Gerishon Ikiara, economics lecturer at the University of Nairobi and former government official, said that for many years, the United States had underestimated the China-Africa economic, political and diplomatic relations which have grown in the last two decades.

The Prosper Africa initiative, published by U.S. National Security Adviser John Bolton on Thursday, calls China-Africa relations "predatory," which, according to Ikiara, displays an ignorance of what attracts Africa to Chinese development assistance as compared to the Western aid.

"A look at key elements of the new U.S. strategy for Africa demonstrates Washington's poor understanding of China-Africa relations and could easily weaken even more Africa-U.S. economic and political relations," he said.

The new U.S. strategy, observed Ikiara, is poorly informed about what Africa desires in its relations with development partners in general and with major countries in particular.

"The strategy will most likely draw Africa and the United States of America further and further apart," he said.

Eric Mangunyi, a senior consultant at Nairobi-based Em-Pioneer Consultants and researcher at Walter Sisulu University of South Africa, called the strategy "a sign of panic."

In its new strategy, the U.S. govenrment plans to reevaluate its support for United Nations peacekeeping missions, and this, according to Mangunyi, possibly leads to terminating missions it deems ineffective or inefficient.

"This might be tragic for Africa, especially for war-torn countries because they have relied on the missions for some form of stability," he said.

He observed that African countries shifted to the East because the Chinese people were willing to offer loans for development without much lecturing.

"While the loans have left Africa indebted, citizens are enjoying stadiums, using roads and railways -- all modern.
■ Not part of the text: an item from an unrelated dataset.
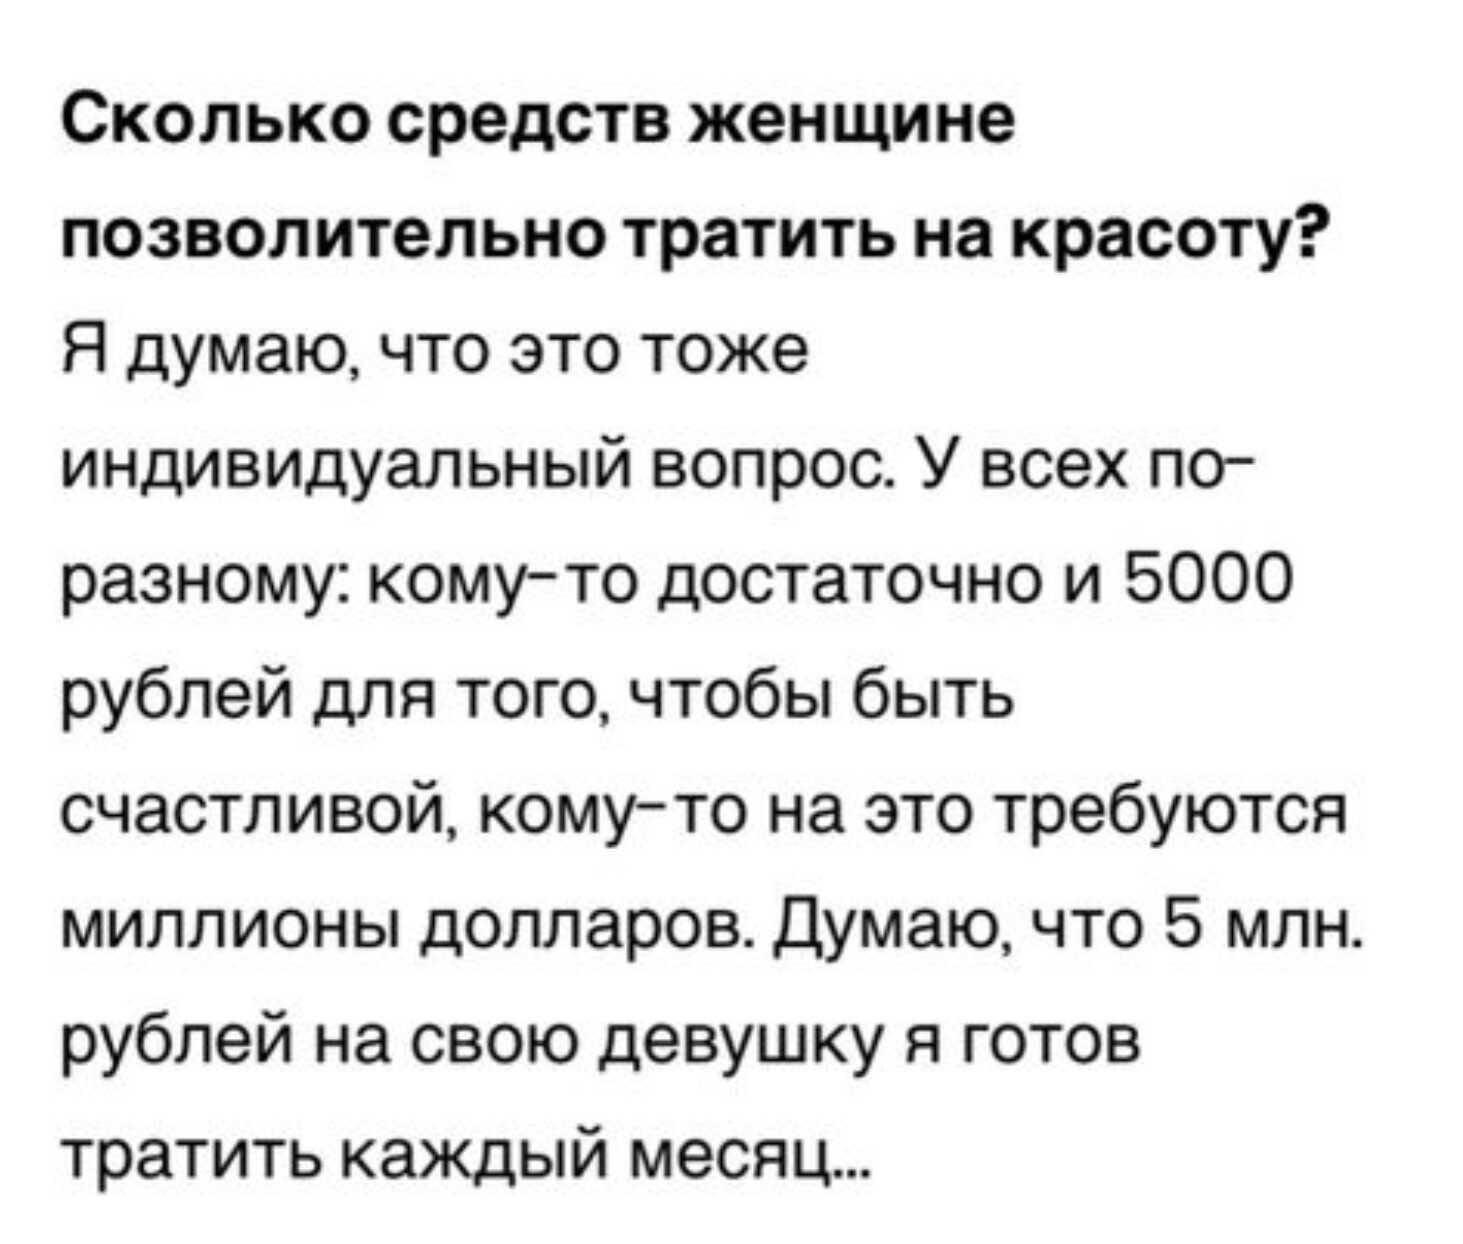 Давид Манукян признался, сколько денег готов тратить на свою девушку ежемесячно

The U.S. unfortunately has come late because African countries may not absorb more loans," he said.

According to him, the Chinese loans are directed at infrastructure projects like rail and roads which have great impact on the lives of African people.

"The U.S. on the other hand has invested indiscriminatingly its foreign aid (in) fighting terrorism but the problem still persists. It has tried to instill democracy but Africans have their own sense of democracy," he said.

According to Ikiara, the U.S. Africa strategy signals a fresh scramble for the resources of the African continent.